There are two "item" elements in the document, each of which, in this case, relates to one entry in a weblog. Each item element contains a number of other elements which specify something about the item element that contains them--its title, its link, and its description (which is usually an excerpt from or a description of what you'll find if you follow the link).
So how does an RSS reader display the feed? Usually, the title is displayed as a clickable link to the URL from the link element, with the description below, but none of that is required. Font sizes, colors, how much of each piece of data to display, etc., are all up to the program displaying the feed. The feed itself has no way of specifying those things, because RSS doesn't define any way to specify formatting.
Okay, that's not entirely true. The description element can contain HTML tags which specify how to format the description (though in practice, many RSS readers remove some or all HTML tags from the description before displaying it).
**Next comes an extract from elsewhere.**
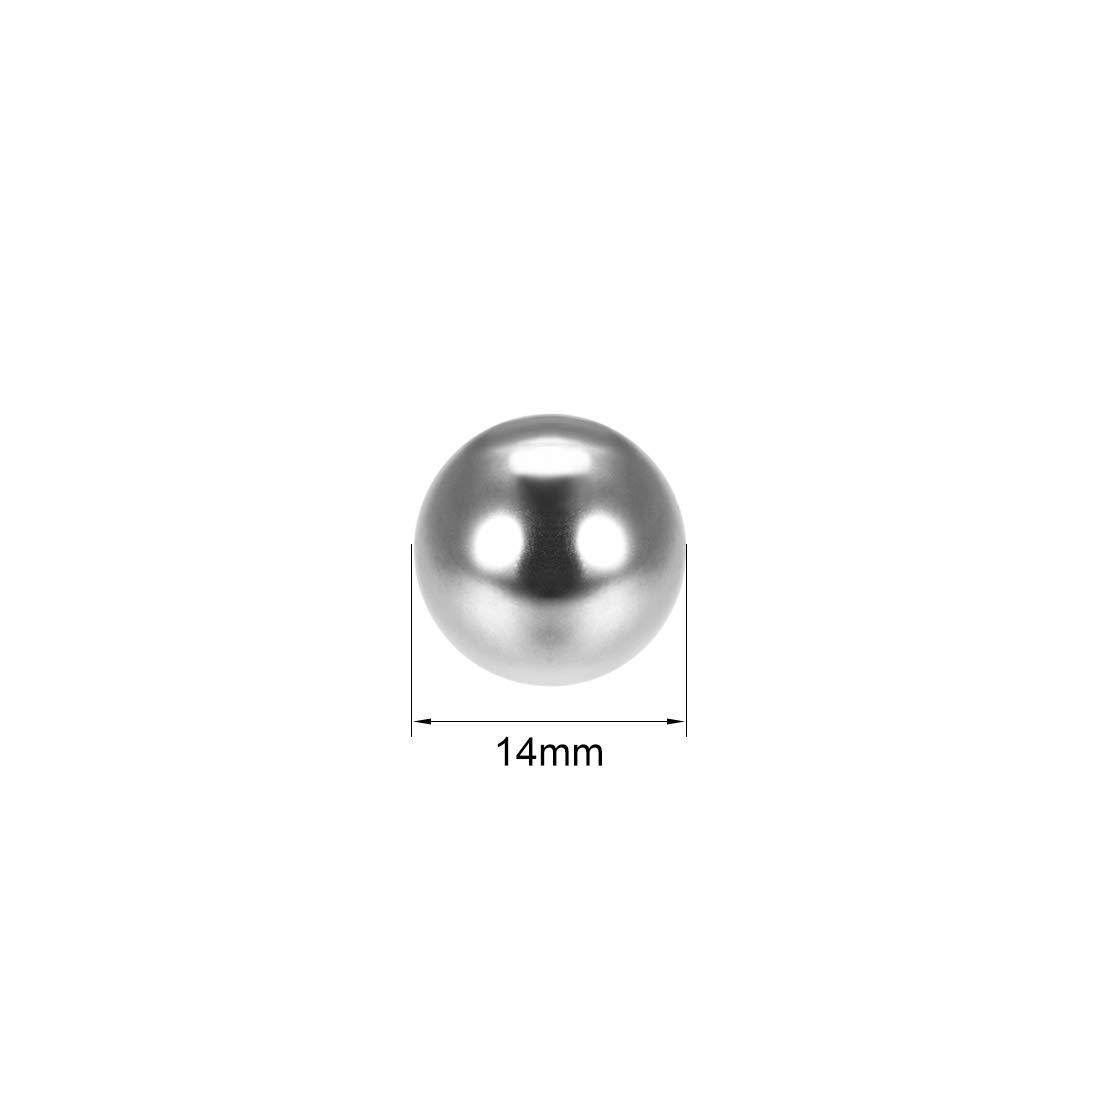 100pcs varios mm Bolas de rodamiento de acero cromado de precisi/ón 1mm Sourcingmap G25
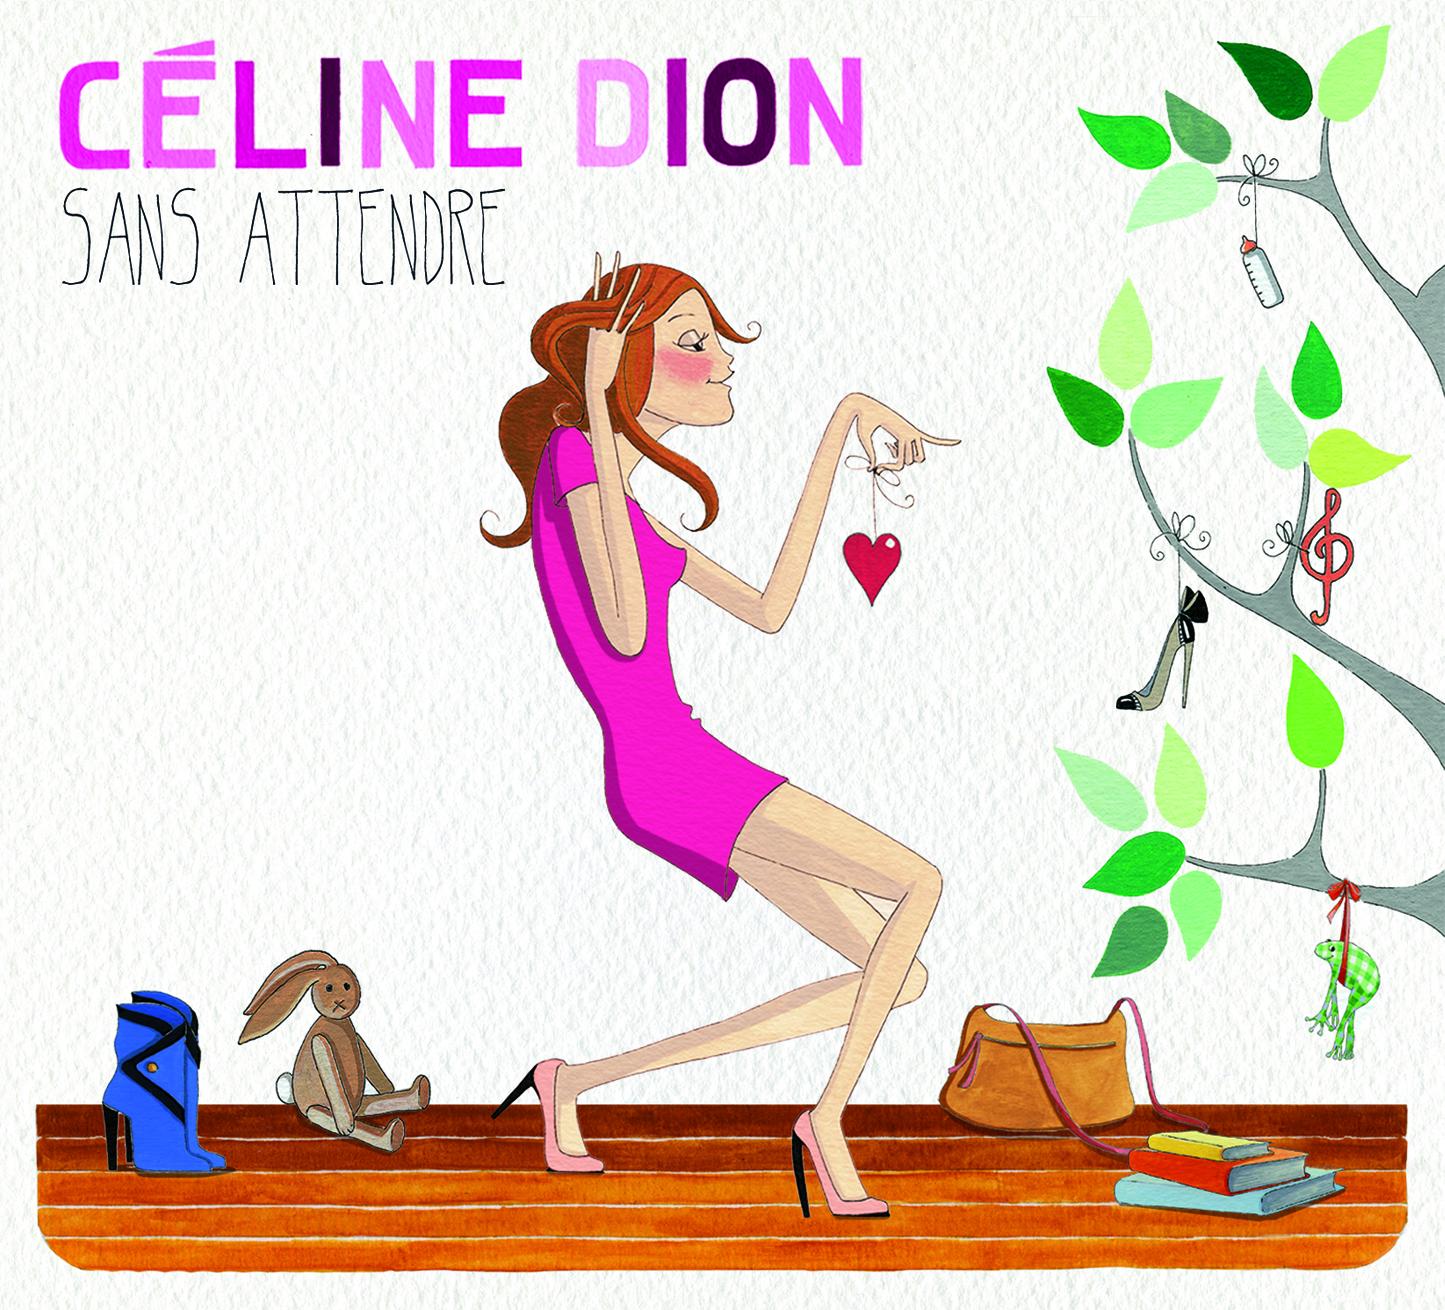 http://2.bp.blogspot.com/-h0sdAfjsM3c/UHszb_WCKyI/AAAAAAAAECA/0uY1mdqzL9Y/s1600/Celine+Dion+Sans+Attendre.jpg

For example, the following description element says to make the work "love" bold:
<description>I <b>love</b> sushi!</description>
You'll notice that I didn't write:
<description>I <b>love</b> sushi!</description>
That's because "b" isn't an RSS element name, so as noted above, the "<" characters in the HTML bold tags must be escaped (and many publishers also escape the ">" tag too, although it's not required).
So XML doesn't specify anything about display formatting, and RSS doesn't define any tags that control formatting either (it leaves that up to HTML). Does that mean that XML can't be used to specify display formatting? Not at all. The most obvious counter-example is XHTML. XHTML is almost identical to HTML, except that a few rules have been added or changed to ensure that XHTML documents follow the rules of XML. For example, the line break tag must be written as an empty tag (eg. <br/>) rather than simply as <br>. The XHTML language is not prevented by the rules of XML from specifying how the data is to be formatted.
I've gone on long enough for now about what XML is. But I need to get back to one of the questions in this article's title: why should you care what XML is? The answer to that question is that until you start working with documents in a particular XML-based format (like I did when I started working with RSS feeds), there's little reason for you to bother studying the specifics of XML. If you understand the gist of this document, you probably know enough.